All 135 seats in the Parliament of Catalonia 68 seats needed for a majority
- Opinion polls
- Registered: 5,079,981 ▲5.0%
- Turnout: 3,232,959 (63.6%) ▲8.7 pp
|  | First party | Second party | Third party |
| Leader | Jordi Pujol | Joaquim Nadal | Alejo Vidal-Quadras |
| Party | CiU | PSC–PSOE | PP |
| Leader since | 17 November 1974 | 22 July 1995 | 9 January 1991 |
| Leader's seat | Barcelona | Barcelona | Barcelona |
| Last election | 70 seats, 46.2% | 40 seats, 27.5% | 7 seats, 6.0% |
| Seats won | 60 | 34 | 17 |
| Seat change | −10 | −6 | +10 |
| Popular vote | 1,320,071 | 802,252 | 421,752 |
| Percentage | 40.9% | 24.9% | 13.1% |
| Swing | −5.3 pp | −2.6 pp | +7.1 pp |
|  | Fourth party | Fifth party |
| Leader | Àngel Colom | Rafael Ribó |
| Party | ERC | IC–EV |
| Leader since | 19 November 1989 | 23 February 1987 |
| Leader's seat | Barcelona | Barcelona |
| Last election | 11 seats, 8.0% | 7 seats, 7.7% |
| Seats won | 13 | 11 |
| Seat change | +2 | +4 |
| Popular vote | 305,867 | 313,092 |
| Percentage | 9.5% | 9.7% |
| Swing | +1.5 pp | +2.0 pp |
| President before election Jordi Pujol CDC (CiU) | President after election Jordi Pujol CDC (CiU) |

= 1995 Catalan regional election =

Election in the Spanish region of Catalonia

A regional election was held in Catalonia on 19 November 1995 to elect the 5th Parliament of the autonomous community. All 135 seats in the Parliament were up for election.

==Overview==
Under the 1979 Statute of Autonomy, the Parliament of Catalonia was the unicameral legislature of the homonymous autonomous community, having legislative power in devolved matters, as well as the ability to grant or withdraw confidence from a regional president. The electoral and procedural rules were supplemented by national law provisions.

===Date===
The term of the Parliament of Catalonia expired four years after the date of its previous election, unless it was dissolved earlier. The election was required to be called no later than 15 days before the scheduled expiration date of parliament, with election day taking place within 60 days from the call. The previous election was held on 15 March 1992, which meant that the chamber's term would have expired on 15 March 1996. The election was required to be called no later than 29 February 1996, setting the latest possible date for election day on 29 April 1996.

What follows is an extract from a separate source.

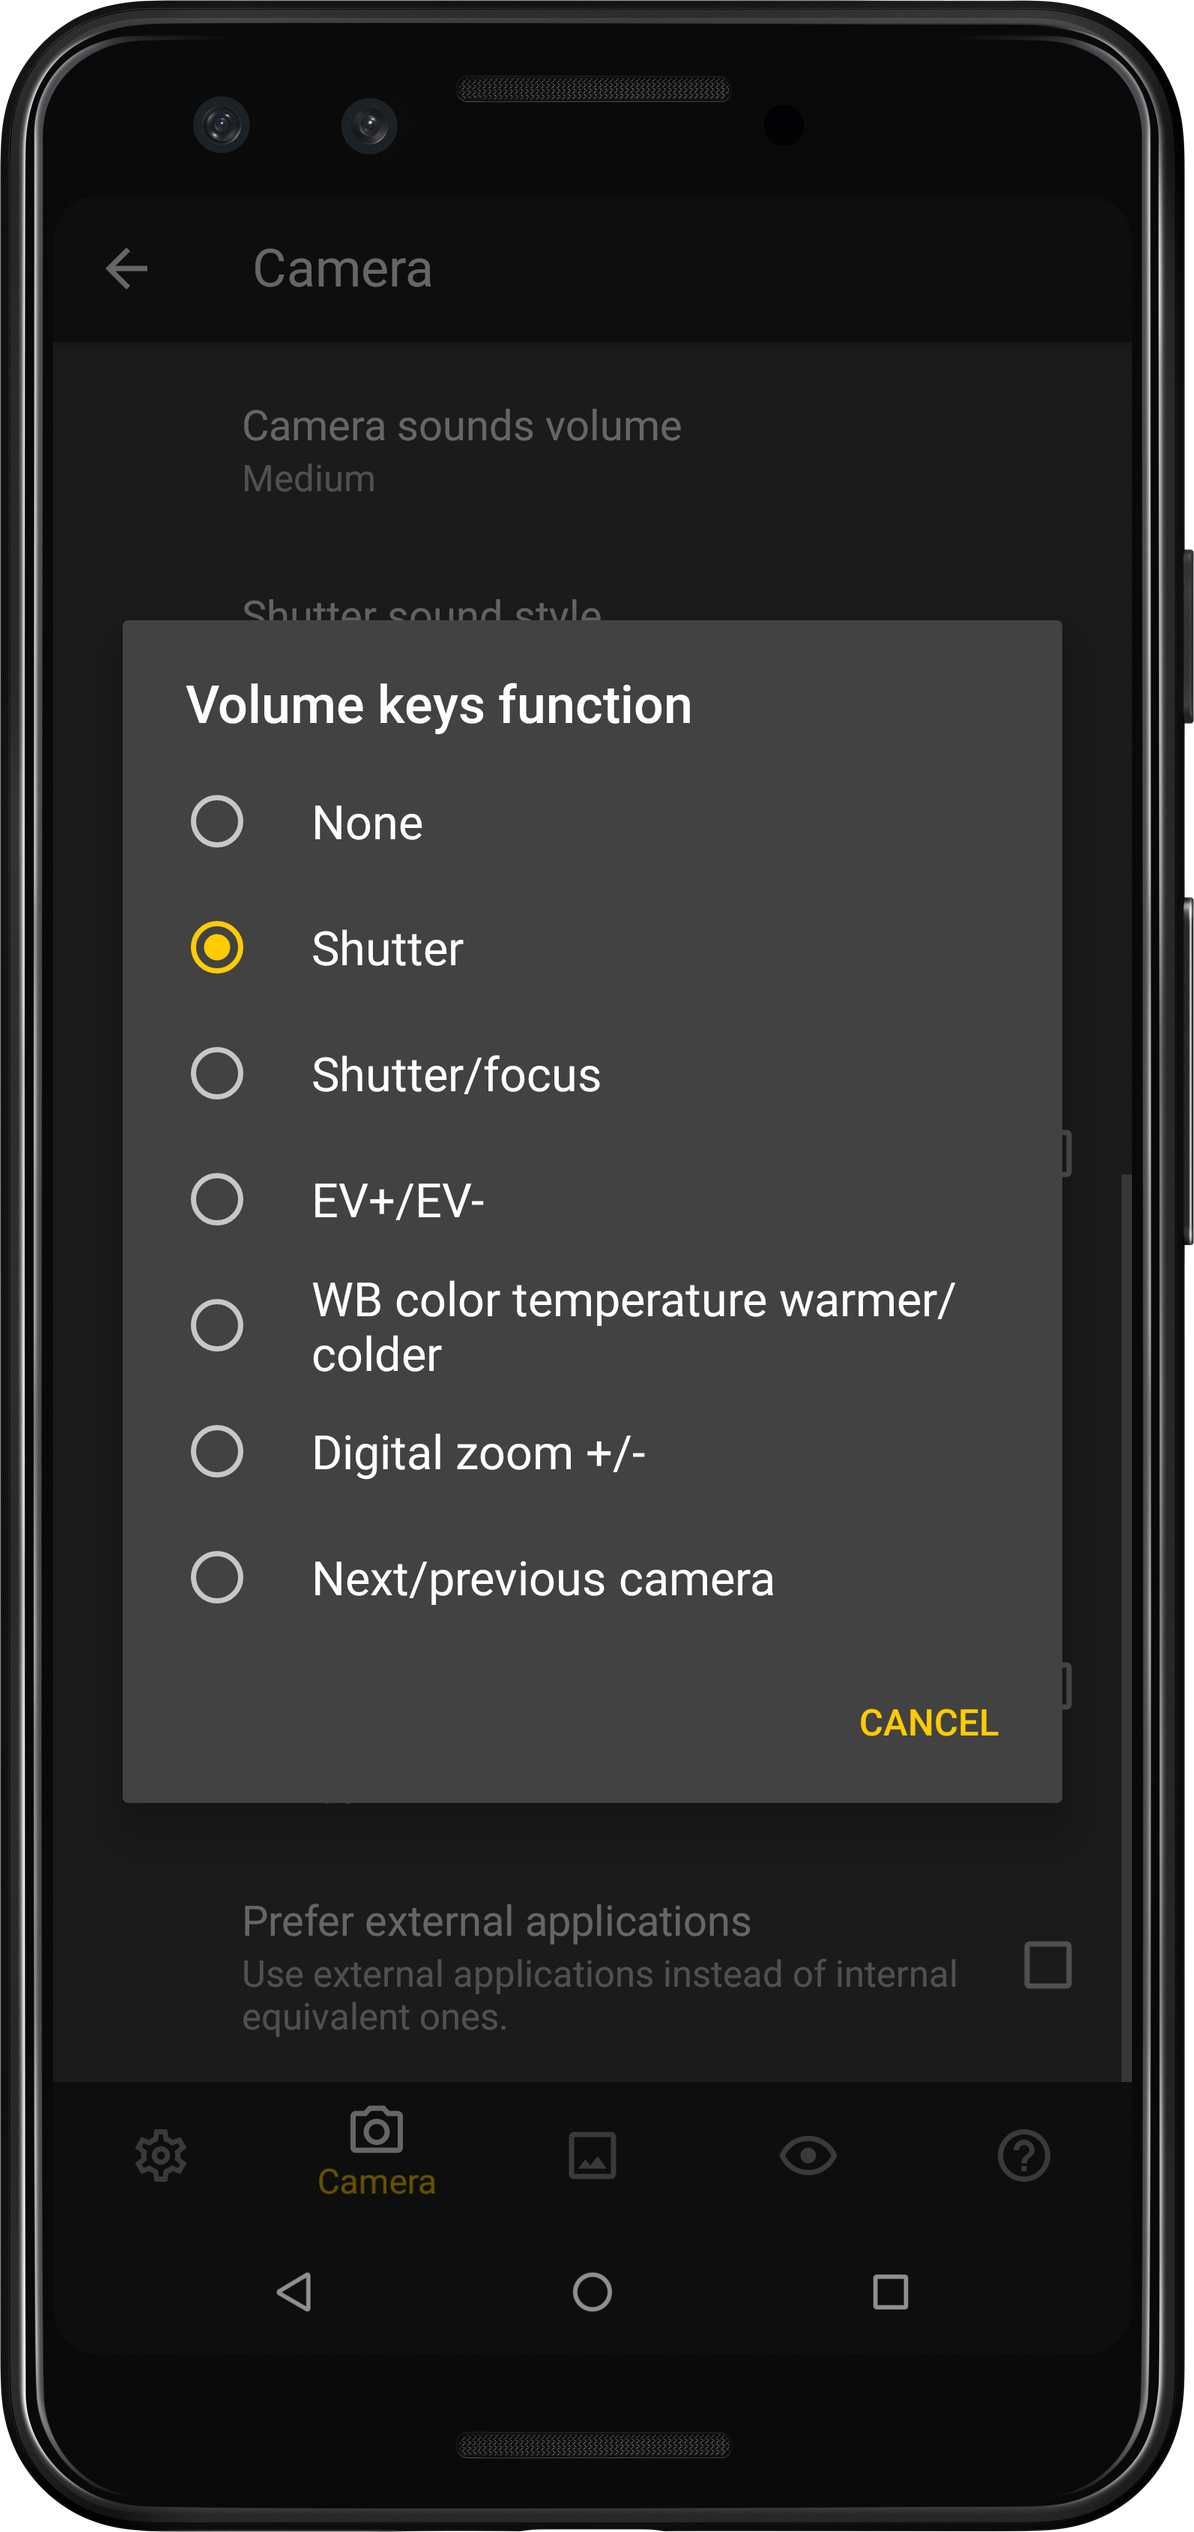 Volume keys function options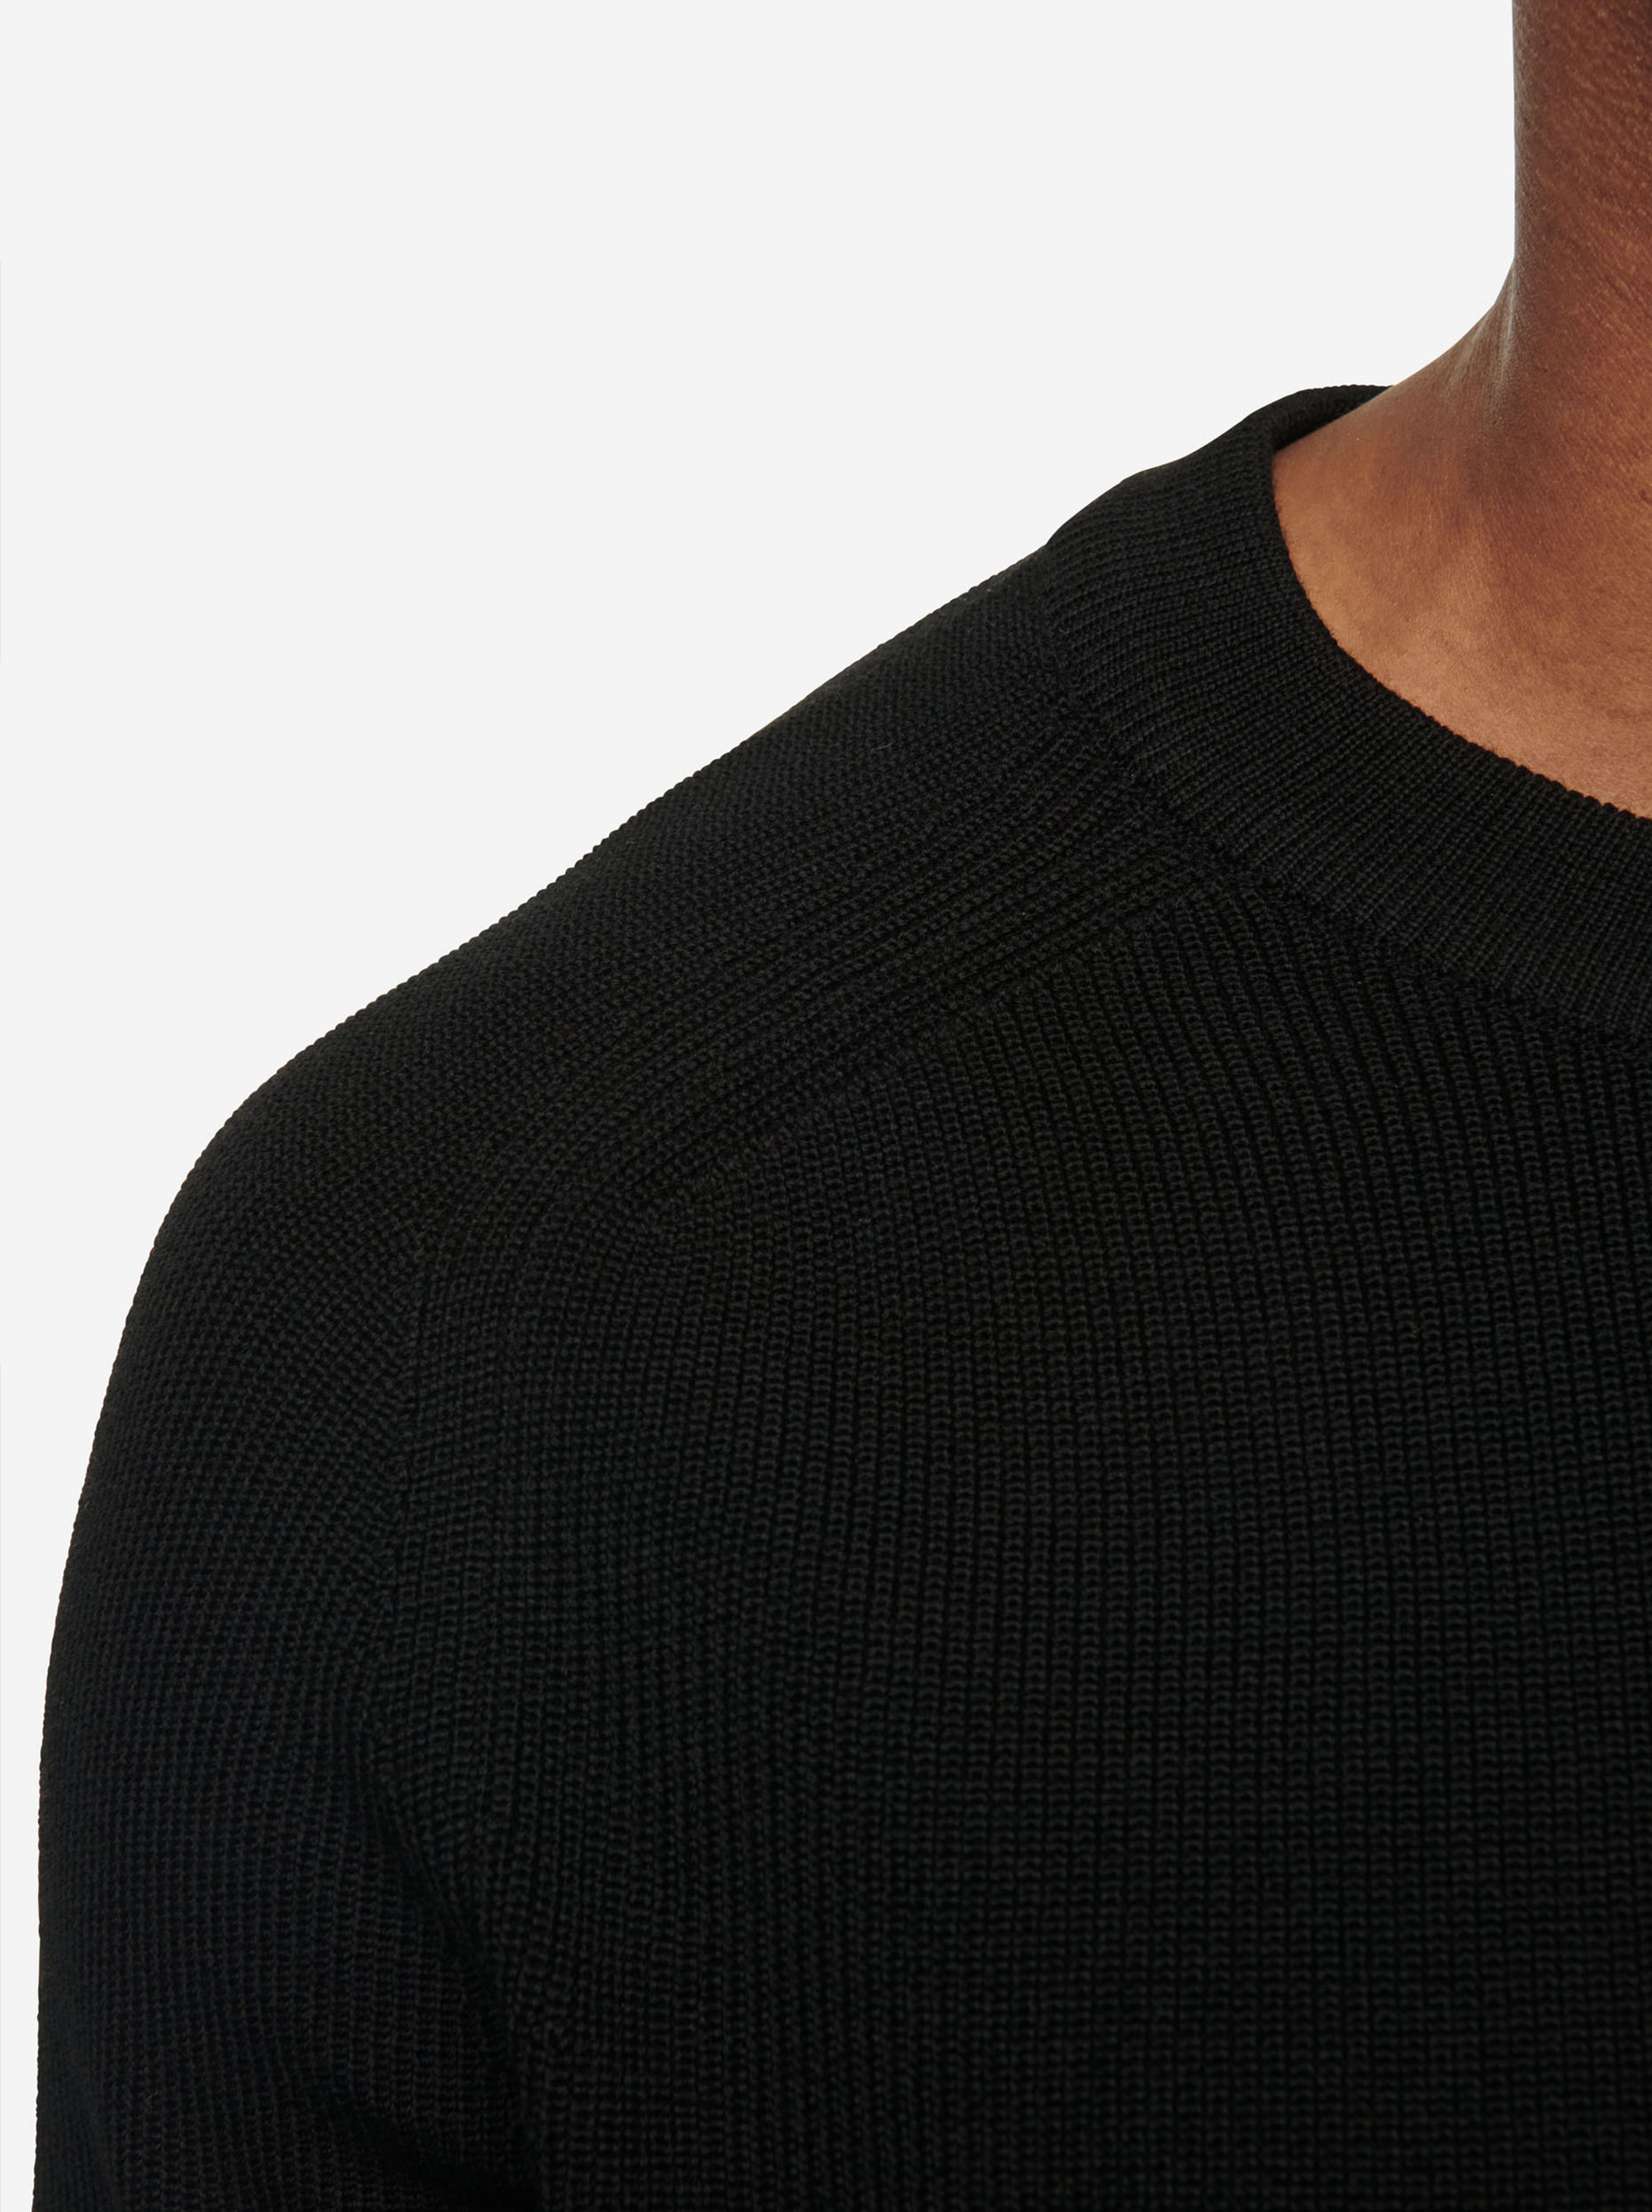 Teym - The Merino Sweater - Men - Black - 9

The regional president had the prerogative to dissolve the Parliament of Catalonia at any given time and call a snap election, provided that no motion of no confidence was in process and that dissolution did not occur before one year after a previous one under this procedure. In the event of an investiture process failing to elect a regional president within a two-month period from the first ballot, the Parliament was to be automatically dissolved and a fresh election called.

The Parliament of Catalonia was officially dissolved on 26 September 1995 with the publication of the corresponding decree in the Official Journal of the Government of Catalonia (DOGC), setting election day for 19 November.

===Electoral system===
Voting for the Parliament was based on universal suffrage, comprising all Spanish nationals over 18 years of age, registered in Catalonia and with full political rights, provided that they had not been deprived of the right to vote by a final sentence, nor were legally incapacitated.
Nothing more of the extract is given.